En el primer banco, la Dolores, bastante sorda y con dolor en la espalda, desafinaba solemnemente. Por su cabeza pasaban gotas, recetas y otros potingues sanitarios. En el segundo banco, Pilar entonaba el pesar del marido difunto y la esperanza prolongada del reencuentro. En el segundo banco del otro lado, Pedro no cantaba. Pensaba que era mejor para el Señor no ofrecerle su canto. Su vista se perdía por el ábside de la iglesia y su espíritu iba soñando una oración: «Señor, a pesar de mi pasado, ya sabéis que os quiero». En el cuarto banco, dos niñas engalanadas barajaban el cantoral sin parar de moverse y, de vez en cuando, provocaban una discreta advertencia de su madre, que ya sabía que no podían estarse quietas.

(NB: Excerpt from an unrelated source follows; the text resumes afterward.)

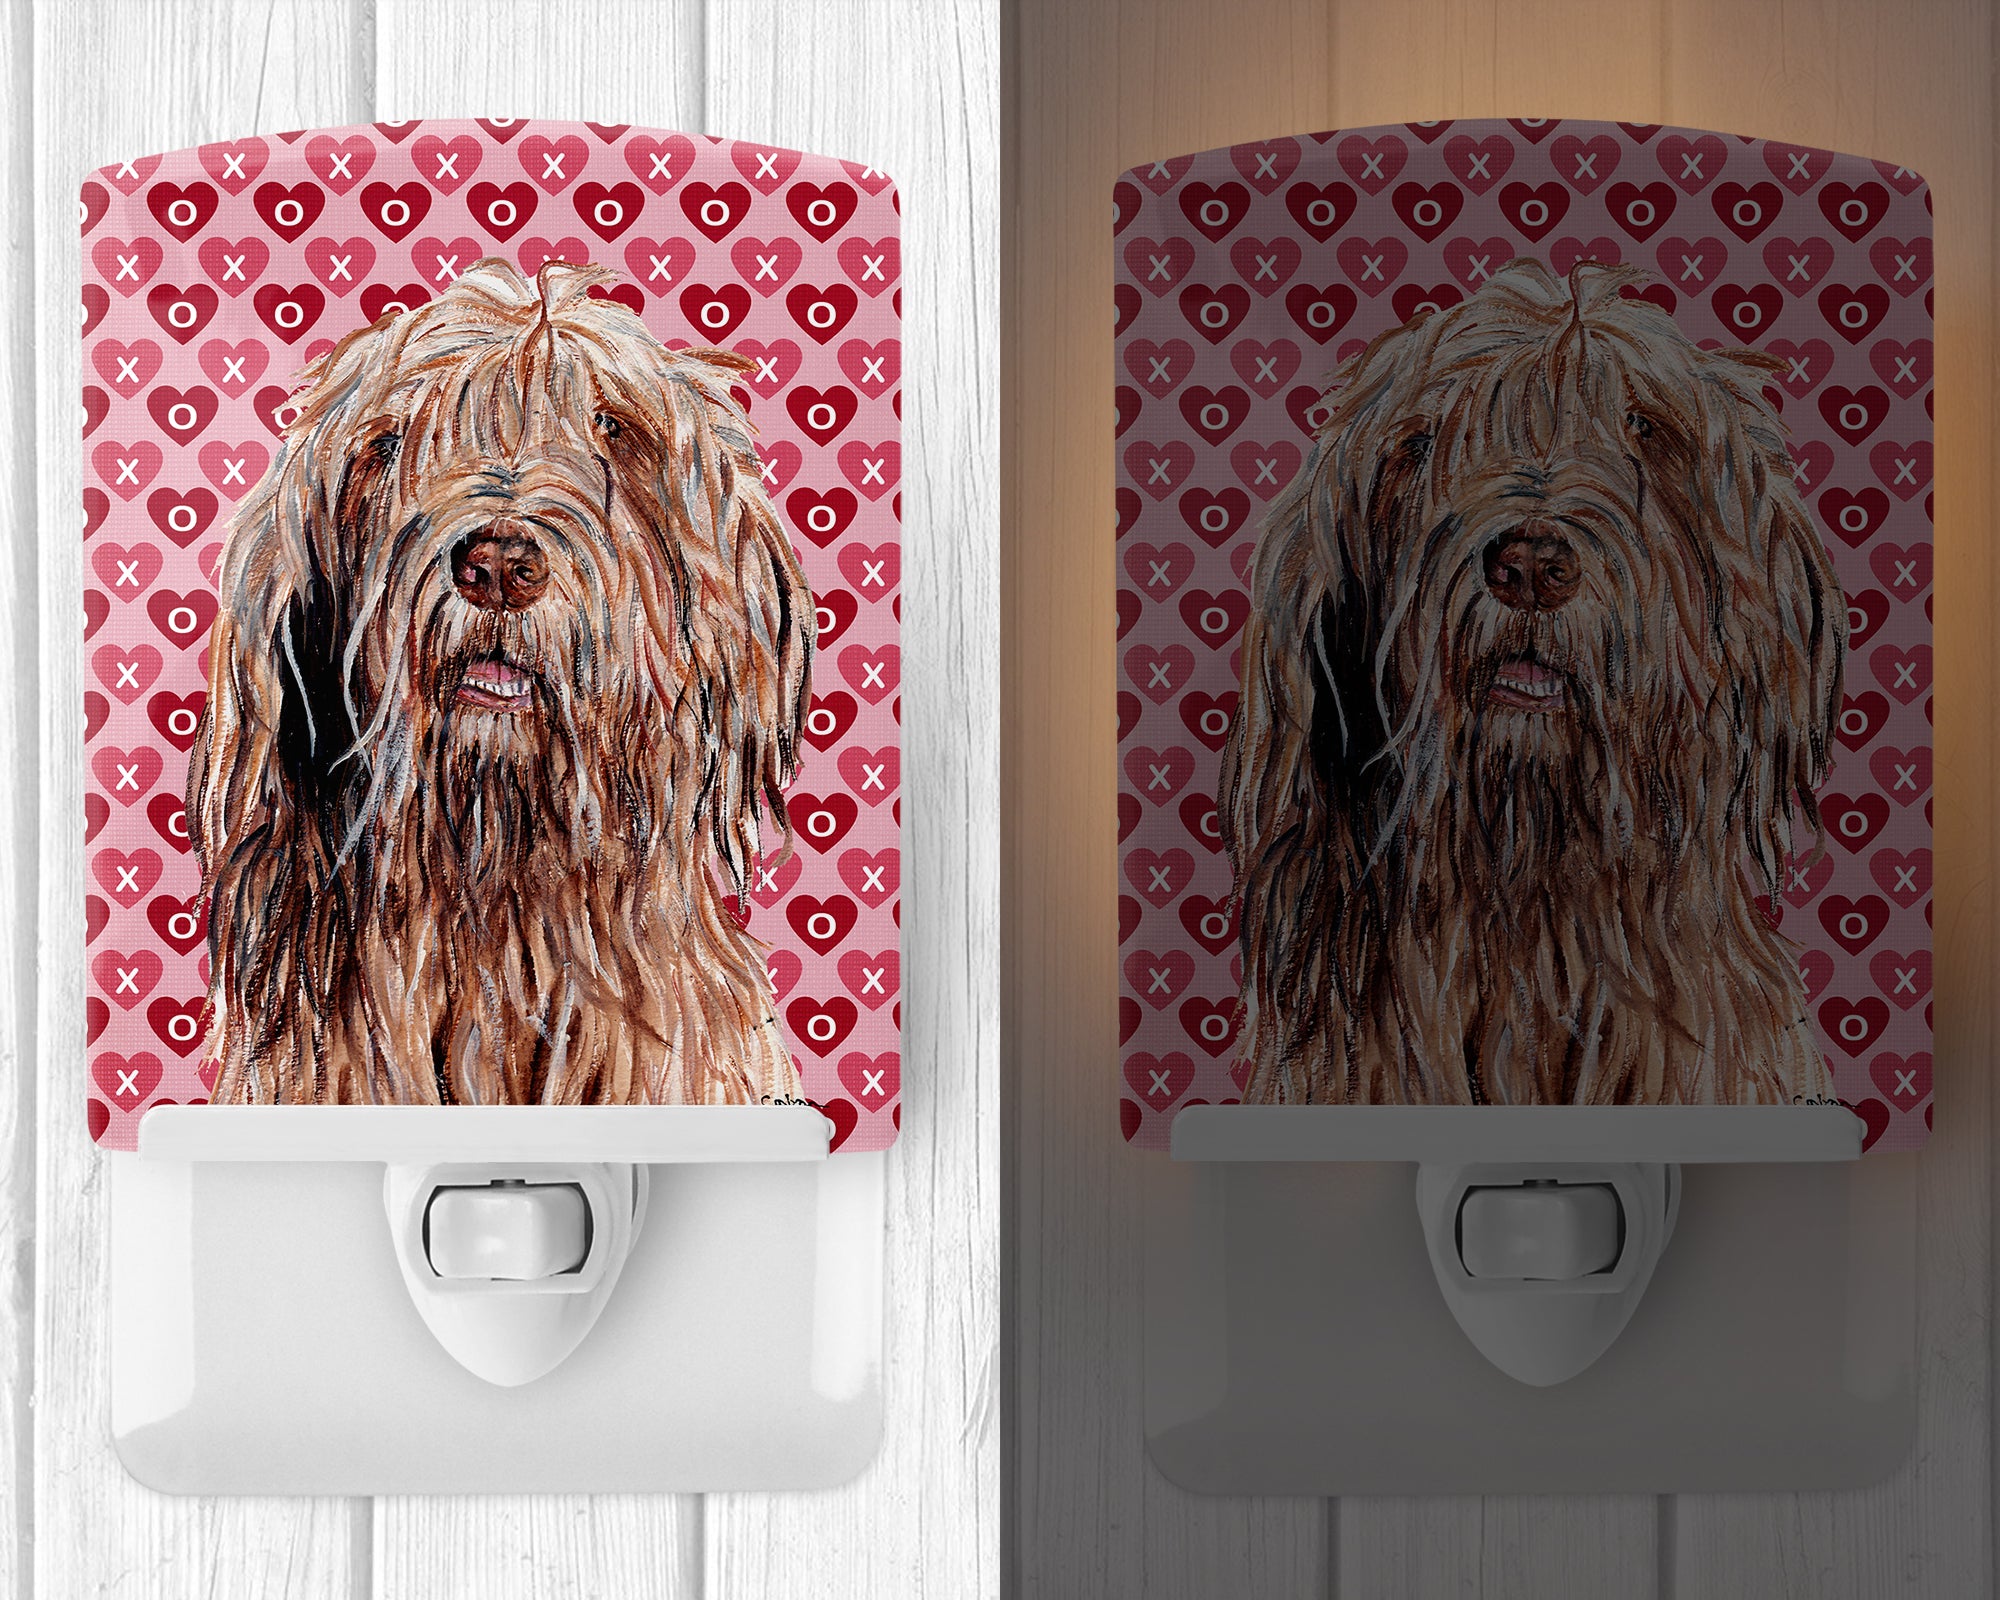 Otterhound Hearts and Love Ceramic Night Light SC9709CNL - the-store.com

El padre había ido de cacería, y el próximo domingo habría de acompañar al niño mayor a jugar al baloncesto y al siguiente debería ir quién sabe dónde… En el quinto banco, Antoni y Quimeta, un matrimonio mayor, con el ademán sereno de la gente que ha tenido que luchar mucho; con cuatro hijos casados, dos de ellos por lo civil, y con nietos que no están bautizados. En el sexto banco, una chica universitaria y catequista en la agrupación de parroquias, sola, sin el novio que siempre le decía que él es católico, pero no «fanático» y que una persona no es mejor porque vaya a misa y todo ese etcétera… En el sexto banco del otro lado, una familia de Barcelona que tiene una casita en el pueblo, con atuendo deportivo, chándal y botas de montaña, con ganas de respirar espiritualmente antes de añadirse a la caravana de vehículos para el regreso al atasco permanente de la gran ciudad. Al otro lado, justo en la puerta de salida, como quien no se atreve, Siset, un hombre de mediana edad oía misa en silencio, con los ojos fijos en la cruz del altar. Parecía siempre ausente. Tampoco iría a comulgar. Él, probablemente, y Nuestro Señor, seguro, ya sabían porque estaba allí.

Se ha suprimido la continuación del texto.